OBJECT ID = 1.2.840.113554.1.2.2]

I did the test for IE too. Internet Explorer supports EXACTLY the same set of mechs as Firefox does:

[

OBJECT ID = 1.2.840.48018.1.2.2,

OBJECT ID = 1.2.840.113554.1.2.2,

OBJECT ID = 1.3.6.1.4.1.311.2.2.10]

So, there are even two mechanisms that both Firefox and SPNegoLoginModule support.

If no supported mechanism is found you will have an error log - "No supported mechanism found." in the defaultTrace.X.trc file of the J2EE Engine.

Also an exception will be thrown (which will also be logged).

If the mechanism is supported you will get an "info" message in the log "Supported mechanism found: " + <the OID of the mech>

Here is the code that generates these log records. (a copy-paste from the source of SPNegoLoginModule)

if ( -1 == mechIdx ) {
          // No supported mechanism available. We
          // must stop the handshake.
          errorT( "No supported mechanism found." );
          throw new SPNegoProtocolException( "No supported mechanisms available." ); 
} else {
          state.mech = spninit.getMechTypeList()[mechIdx];
          infoT( "Supported mechanism found: " + state.mech.getID() );
        }

I think it is obvious now that it is possible to use SPNegoLoginModule with Firefox. I can attach screenshots if needed. However - I would love a challenge concerning the topic.

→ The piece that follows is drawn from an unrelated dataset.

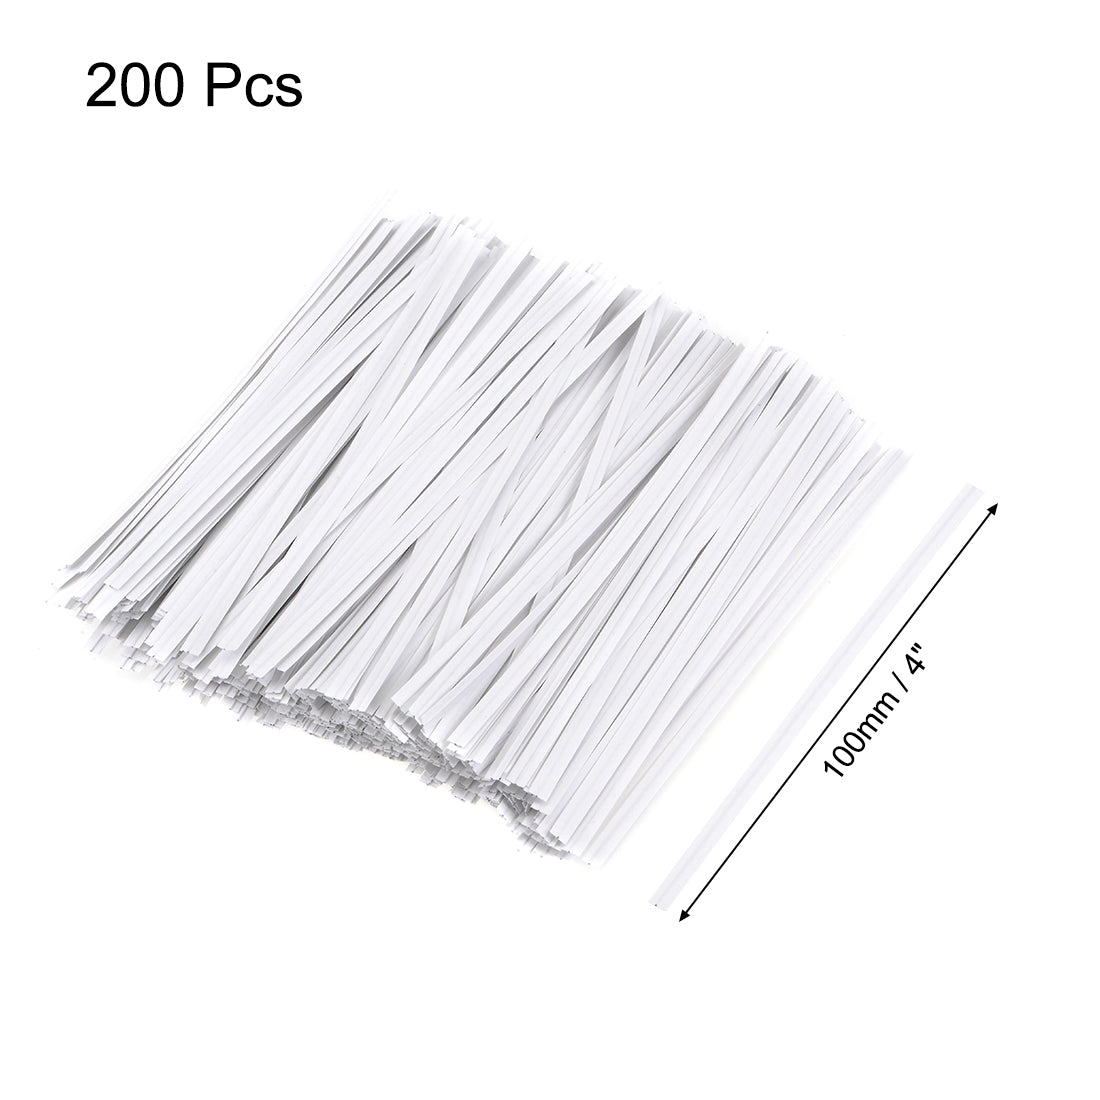 uxcell Uxcell Long Strong Paper Twist Ties 4 Inches Quality Tie for Tying Gift Bags Art Craft Ties Manage Cords White 200pcs
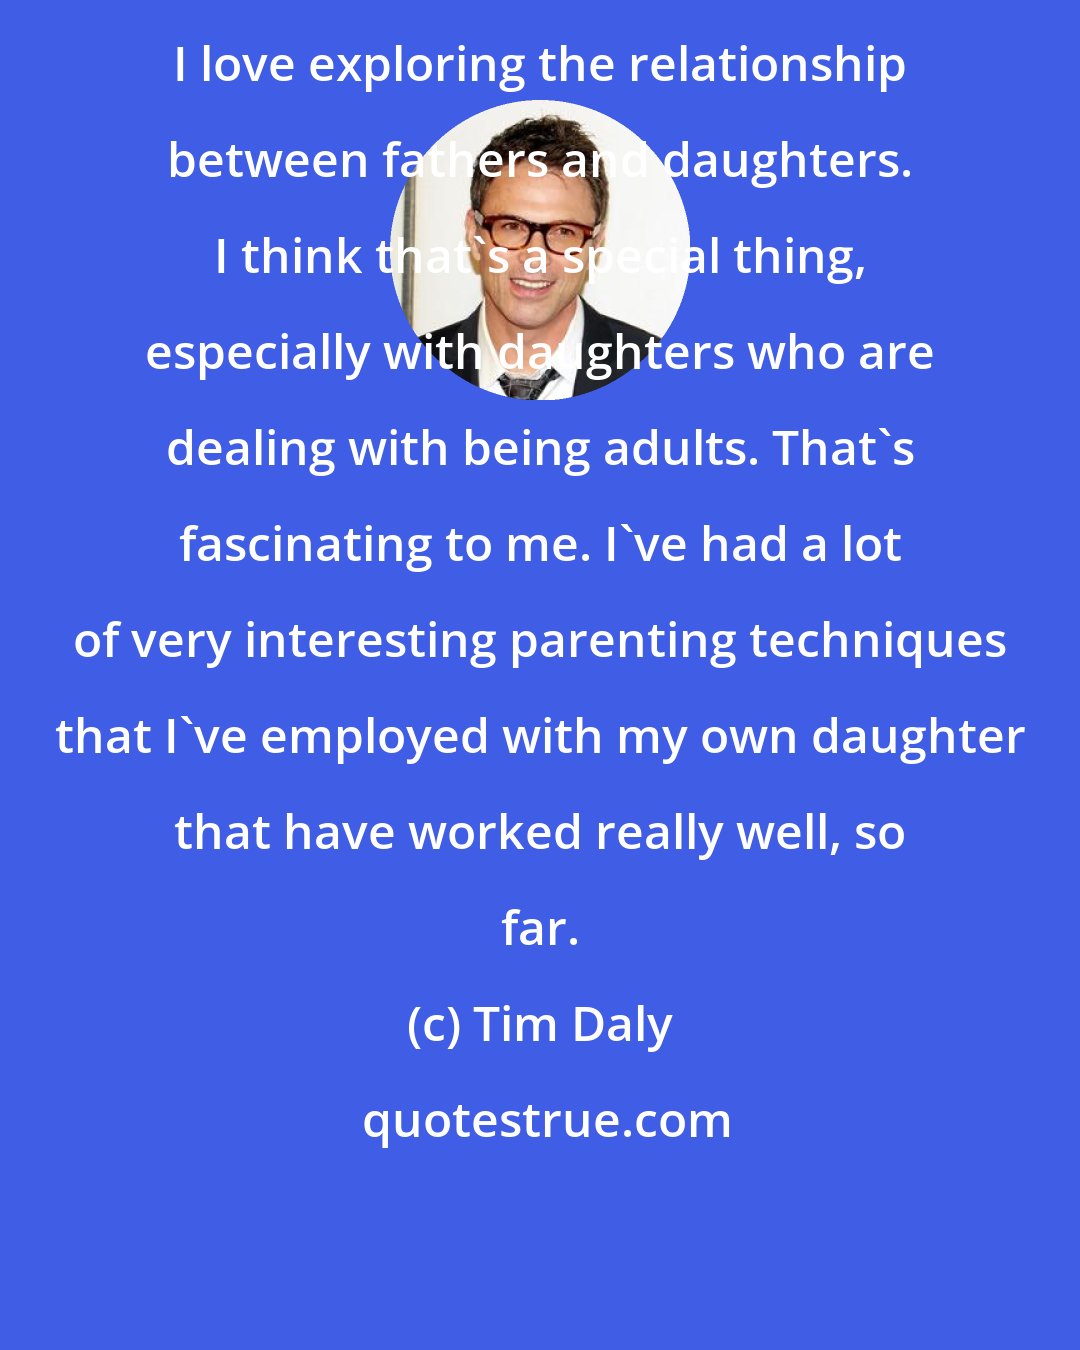 Tim Daly: I love exploring the relationship between fathers and daughters. I think that's a special thing, especially with daughters who are dealing with being adults. That's fascinating to me. I've had a lot of very interesting parenting techniques that I've employed with my own daughter that have worked really well, so far.

Now - on Marcel's problem - since all (except one, and it is already fixed) SPNego-related issues in the Java server appear to be a misconfiguration problems(on the AD, browser, or J2EE server),

I suppose you have not configured your Firefox properly. Check the trusted domains, proxies, etc. SPNego DEFINITELY works with Firefox. I am not a Firefox expert and I cannot say which option is wrong, but I would really appreciate if you share your knowledge when you find the solution.

Thanks in advance!

Former Member · ‎08-04-2006

Hi Rumen,

this is why I love SDN! Thanks for the effort. The 10 points are yours for sure, but I'll reward them when I find out what I'm doing wrong.

Have a nice weekend

Marcel

yonko_yonchev · ‎08-04-2006

Hi Marcel,

To further support Rumen's point: by contrast to IE, Firefox doesnot read all of its configuration from the Windows registry. So it is possible that the registry fix you applied configured only IE for SPNego.

Having said this, I would suggest that you apply SAP Note 942111 - note that the suggestion there is to generate a copy of the keytab locally on the J2EE Engine host (as opposed to getting the one generated on the ADS).

if it still doesn't work my next suggestion will be to double check the configuration step by step.

Regards,

Yonko

Former Member · ‎08-04-2006

Thanks Marcel!

Yonko, I get a little bit nervous when it comes to touching a working SPNego/Kerberos solution. So I'll say a few words.

Encryption is made in the KDC. As you remember - one of the installation guide points is to enable "Use DES encyption for this account" on the service user.

So, browser receives encrypted data from the KDC and only wraps it into a Kerberos token. I have to admit I do not remember the structure of the token, but when I stop and think for a while ... I doubt it has someting encrypted by the browser. Who is decrypting then, and with what key?

Also - SPNego works with IE. This means that the J2EE<->KDC negotiation is OK, so there is no need to touch the configuration of the J2EE or KDC. Everything should be in the browser.

Marcel, what JDK is running the J2EE? IBM or SUN? And what KDC do you use - is it the Windows Active Directory or something else? If you use MS Active Directory - you have to have set the "Use DES encyption for this account" on the service user.

Why don't you apply SAP note 958107 - it is a diagnostic tool for Kerberos, does not change anything anywhere.

Then run the diagtool but this time with the following configuration:

go.bat conf\traces_snapshot.conf <configtool_dir>

The tool will start collecting traces until you press ENTER.

Do not pres ENTER yet. Reproduce the problem - try to access the protected area with Firefox.

Get back to the diagnostic tool and press ENTER.

Then you may post here the traces collected.

I will take a look on them.

If you think it is a sensible information - email it to me -

Rumen * Barov @ sap * com

No spaces. Dots instead of asterisks.

My manager is interested in your problem too, so this issue here may help improving the SAP SPNego solution.